INFORMATION SUPPLIED Start Marker
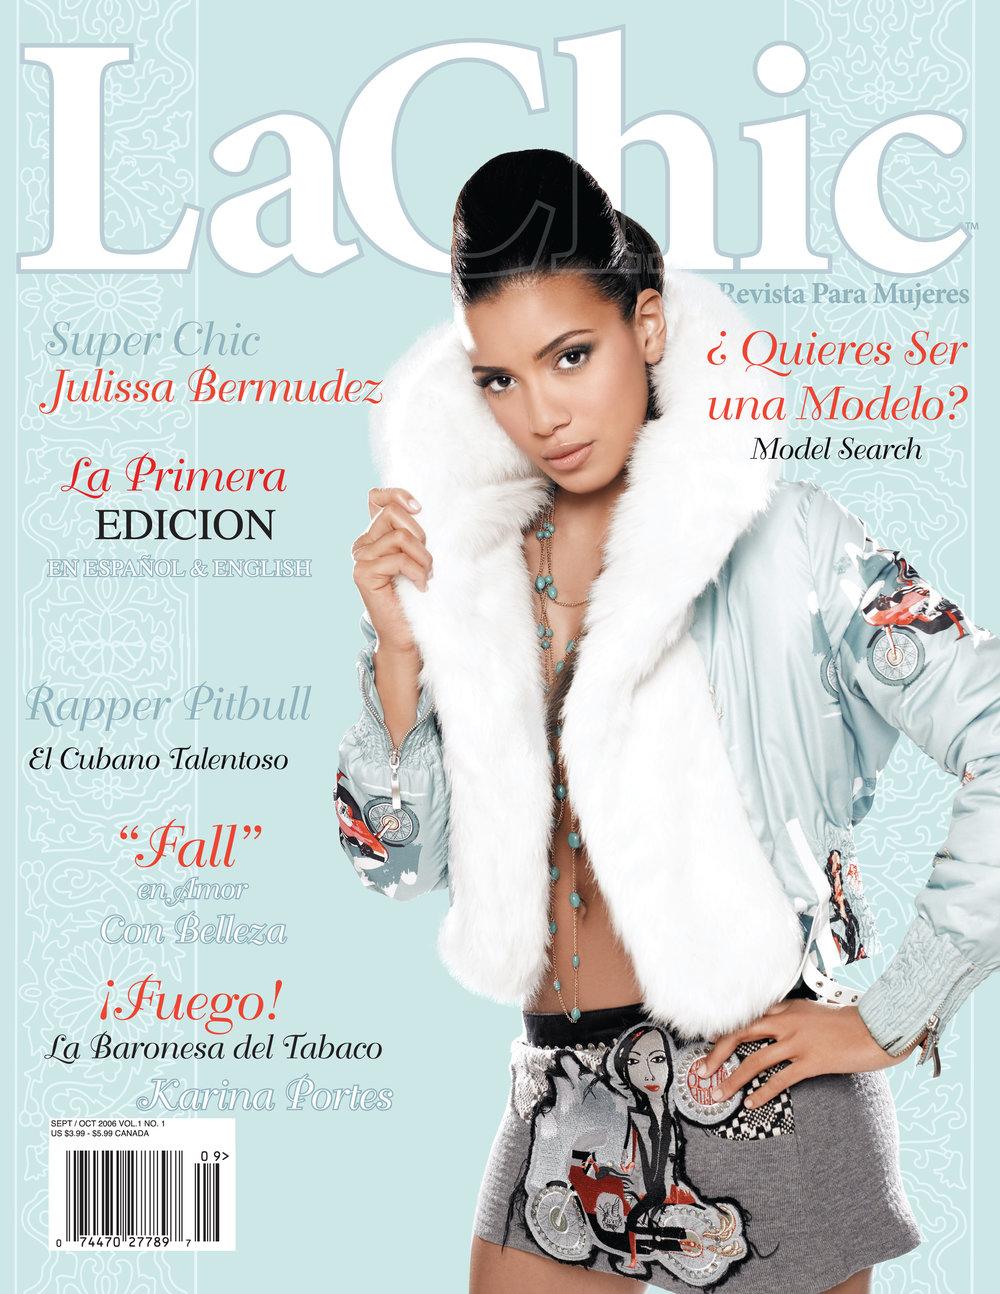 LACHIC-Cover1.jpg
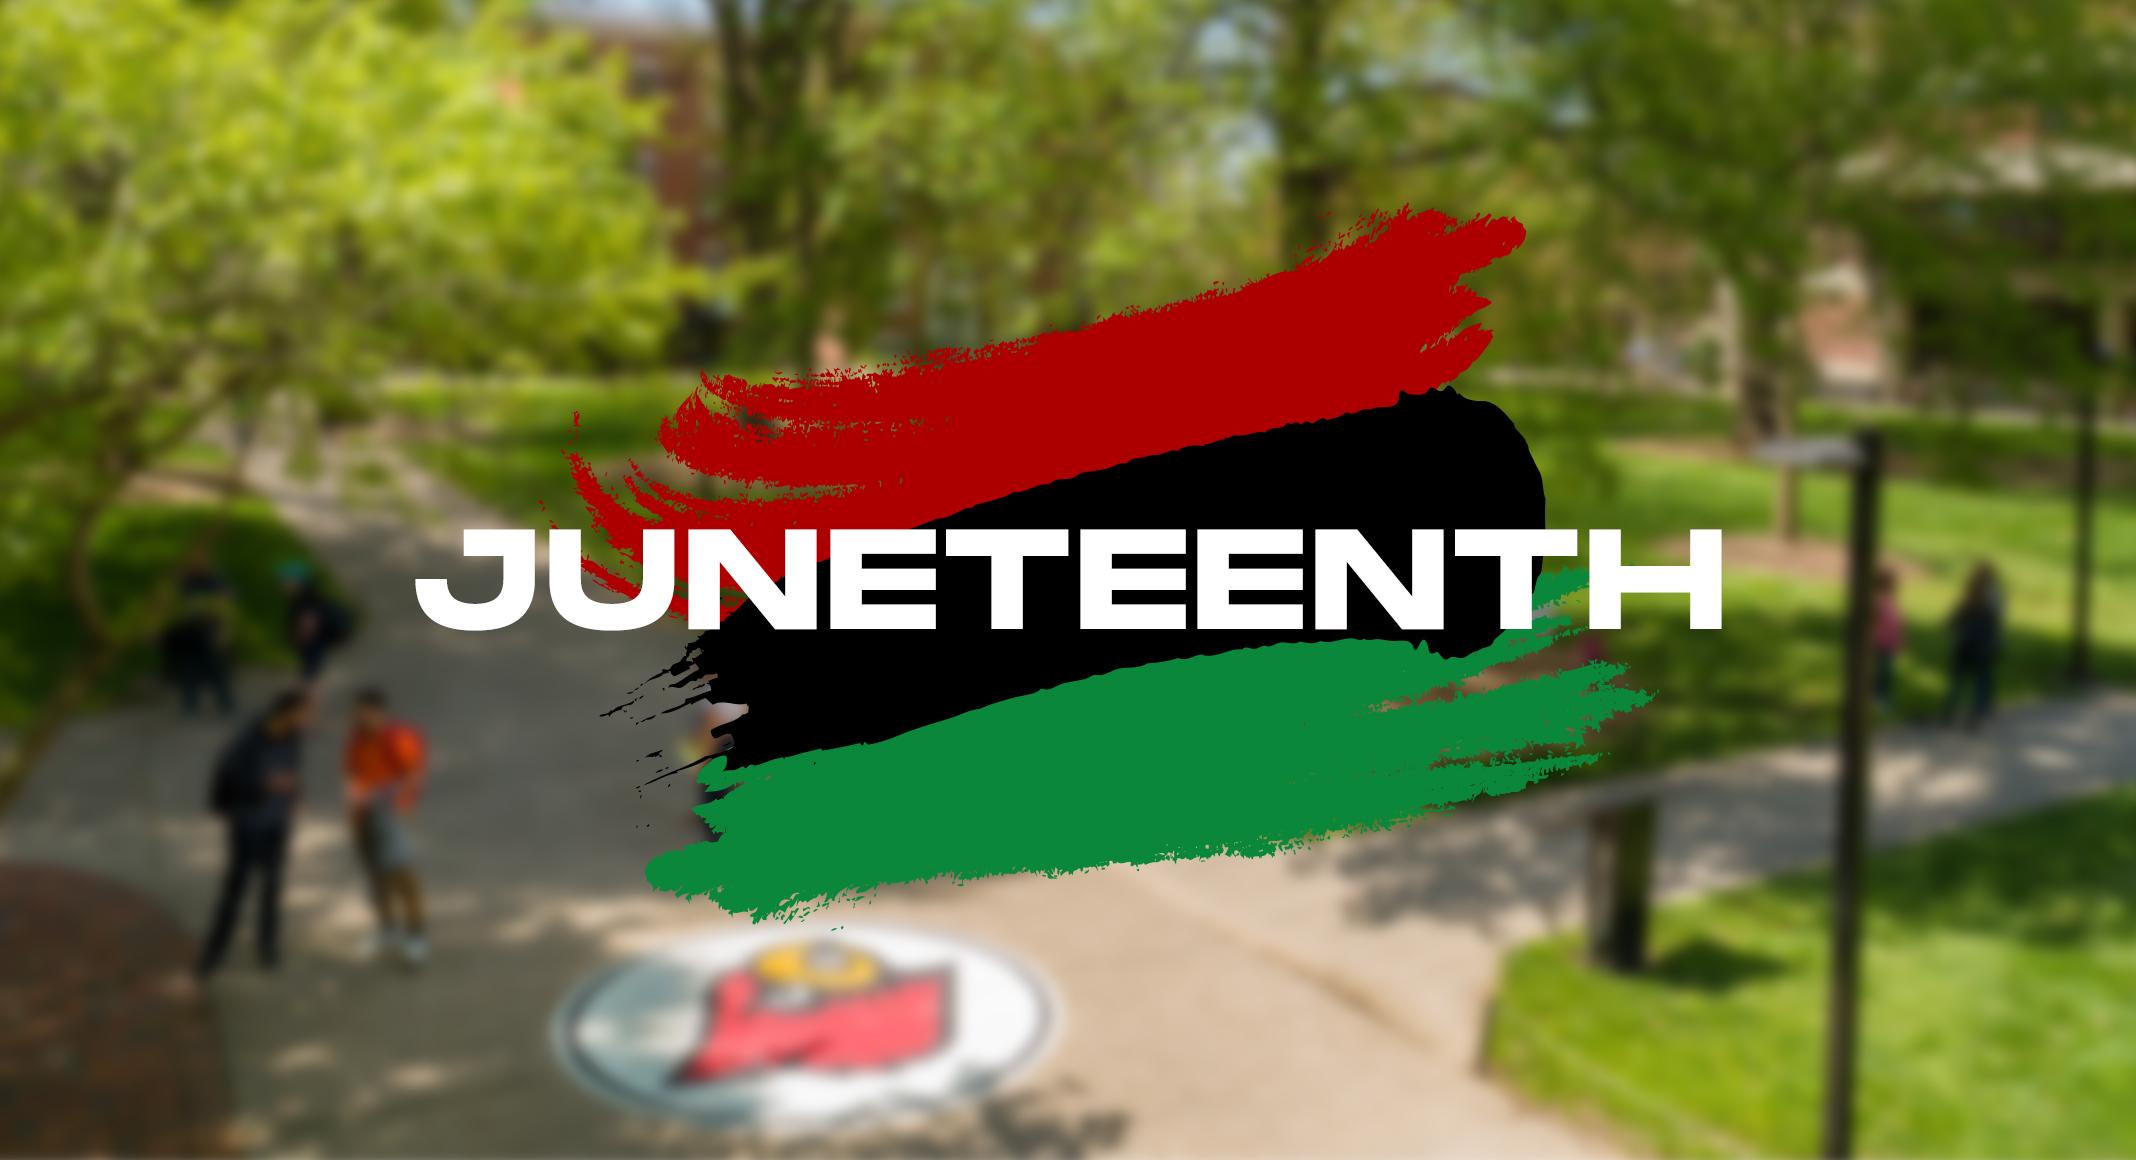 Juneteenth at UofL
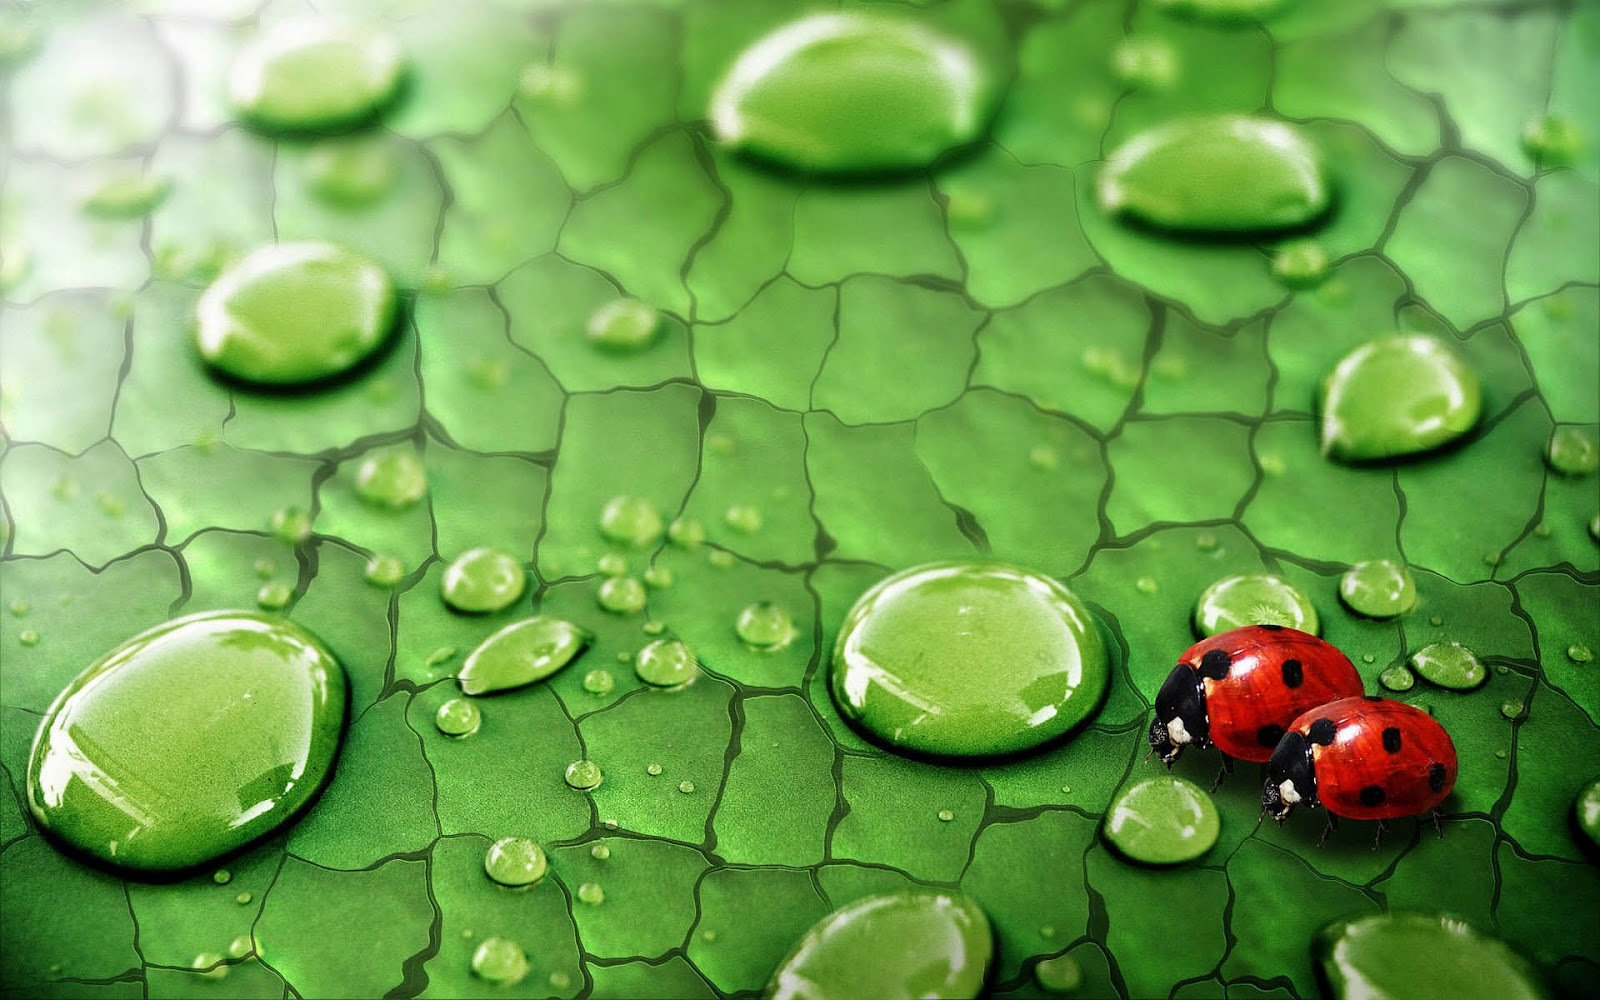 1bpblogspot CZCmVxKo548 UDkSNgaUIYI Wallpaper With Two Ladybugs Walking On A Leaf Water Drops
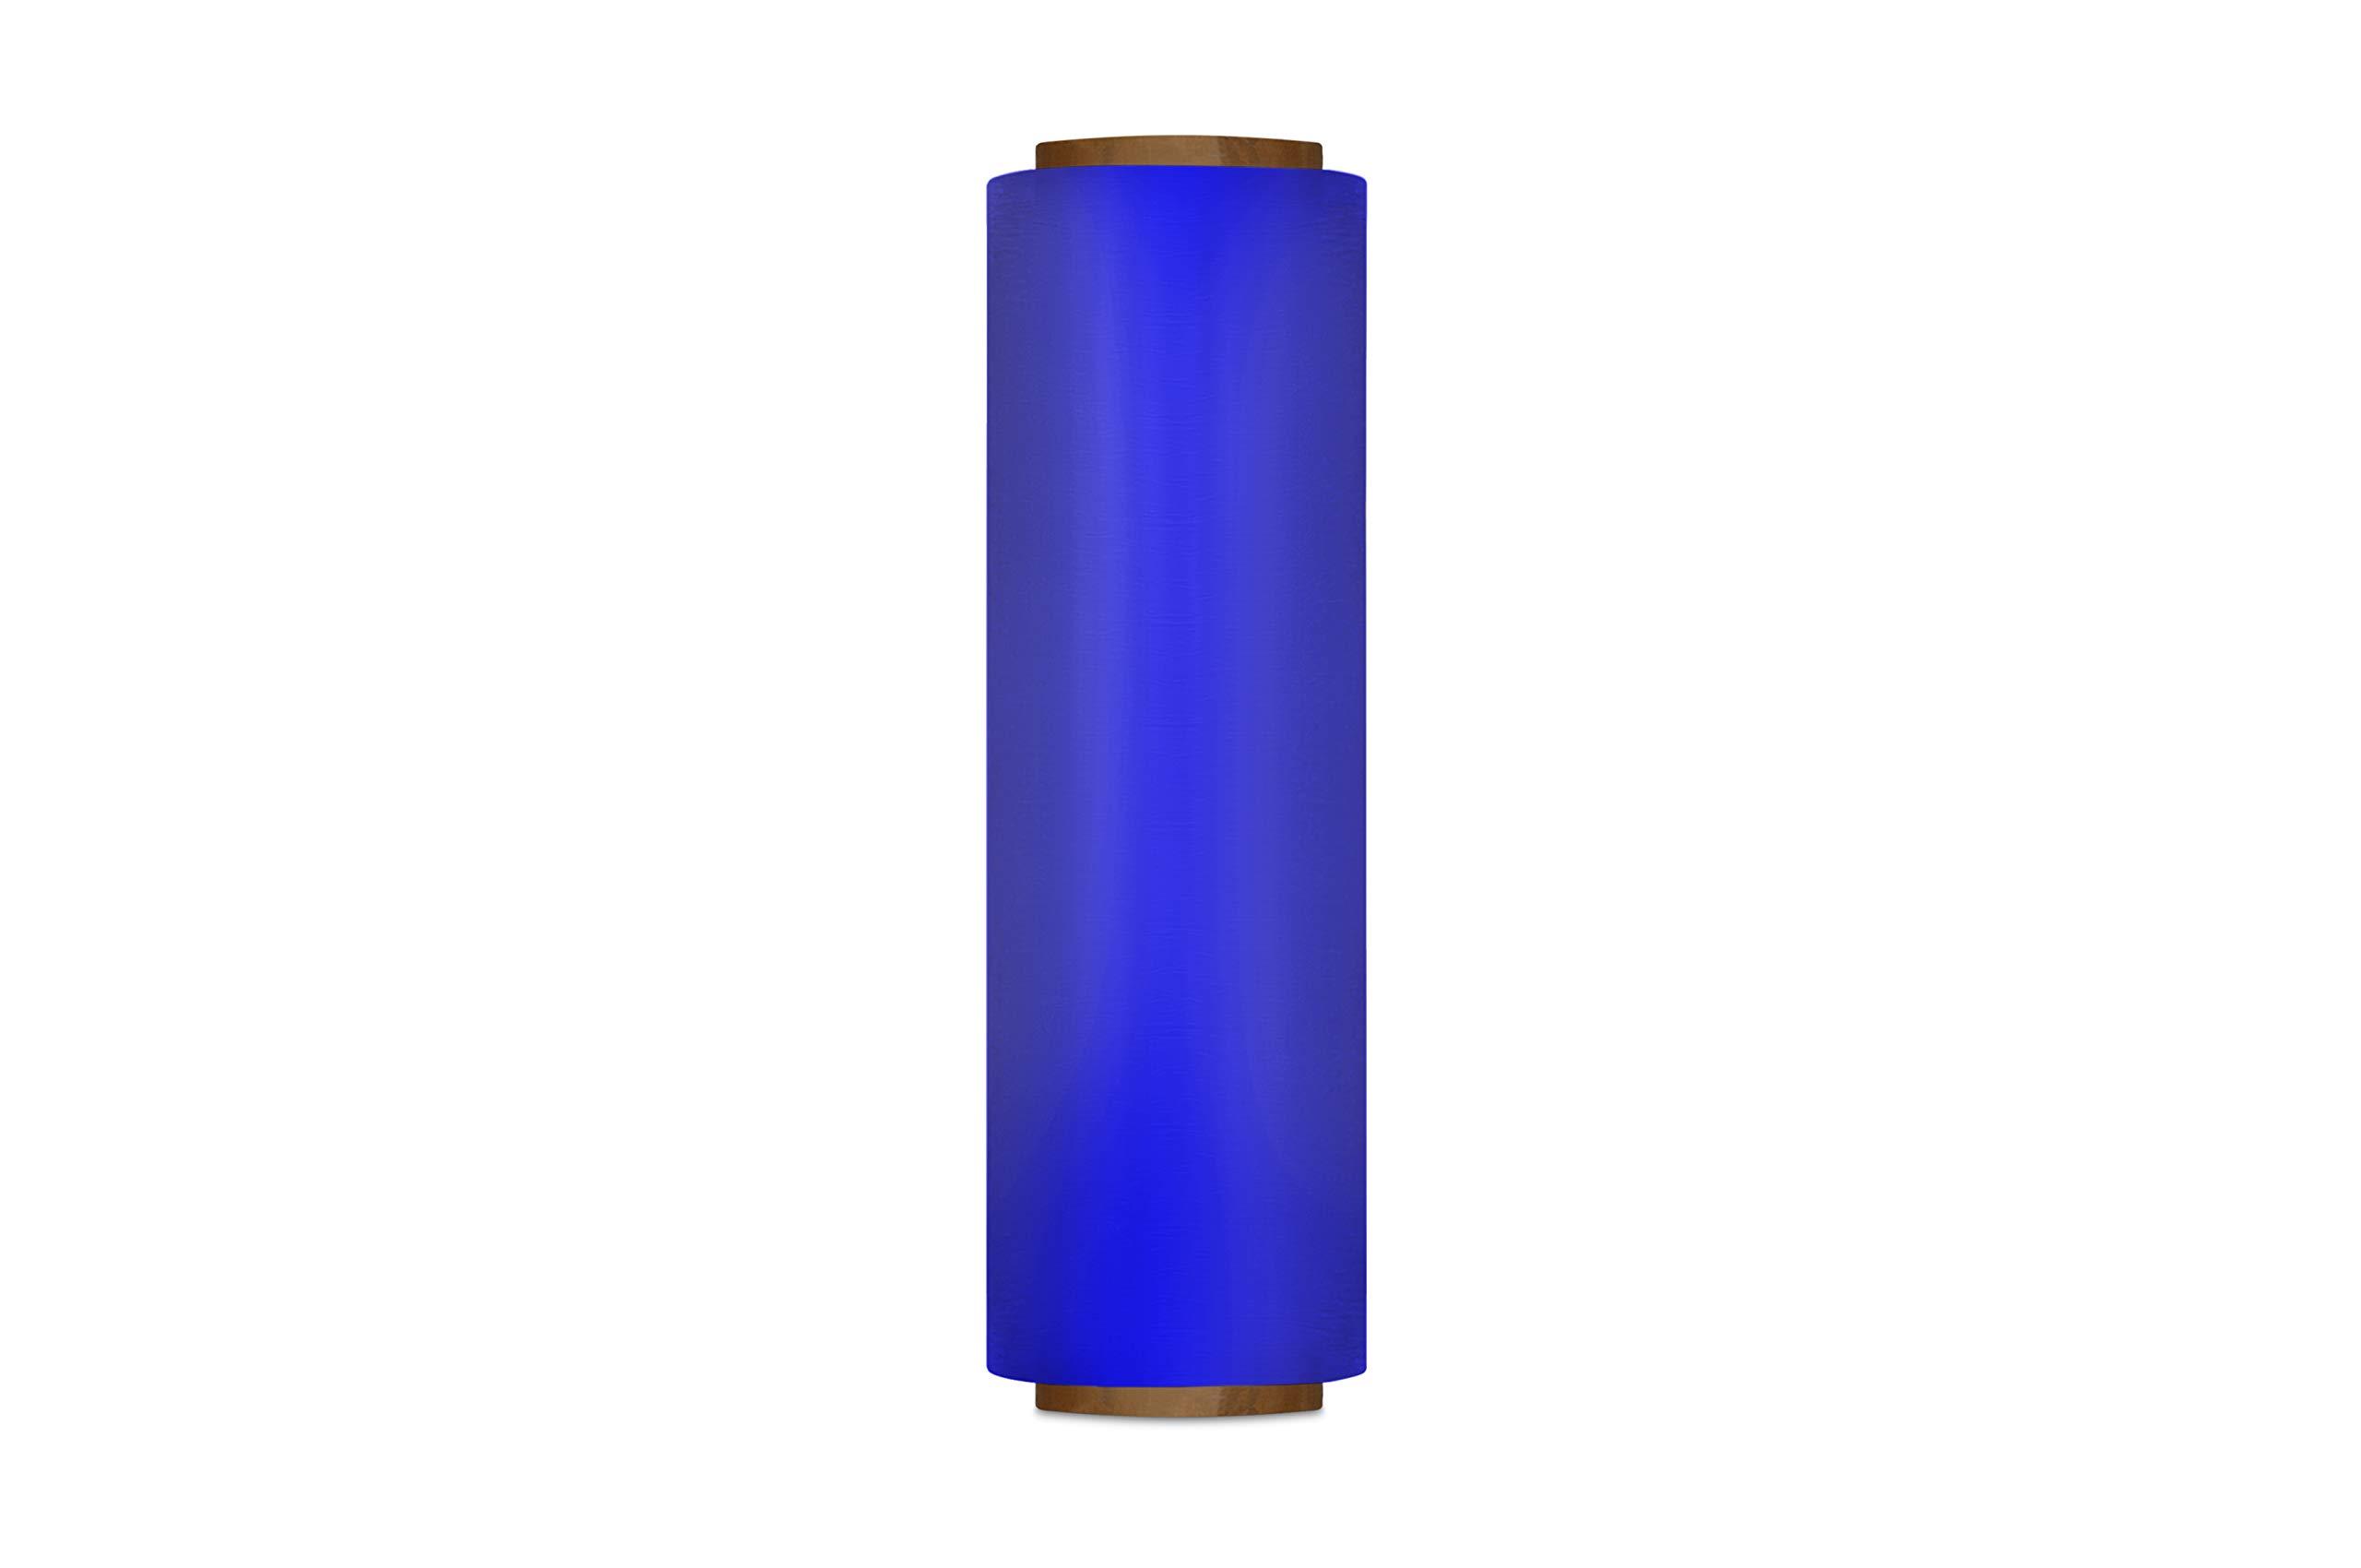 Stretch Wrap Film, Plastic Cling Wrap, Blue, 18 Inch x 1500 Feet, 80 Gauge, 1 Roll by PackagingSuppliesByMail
INFORMATION SUPPLIED End Marker
TASK REQUIREMENTS: What you write should match, word for word, the lines from the one containing "Juneteenth at UofL" to the end of the listing, with both ends kept and the pictures left out.

EXPECTED ANSWER:
 Juneteenth at UofL
 1bpblogspot CZCmVxKo548 UDkSNgaUIYI Wallpaper With Two Ladybugs Walking On A Leaf Water Drops
 Stretch Wrap Film, Plastic Cling Wrap, Blue, 18 Inch x 1500 Feet, 80 Gauge, 1 Roll by PackagingSuppliesByMail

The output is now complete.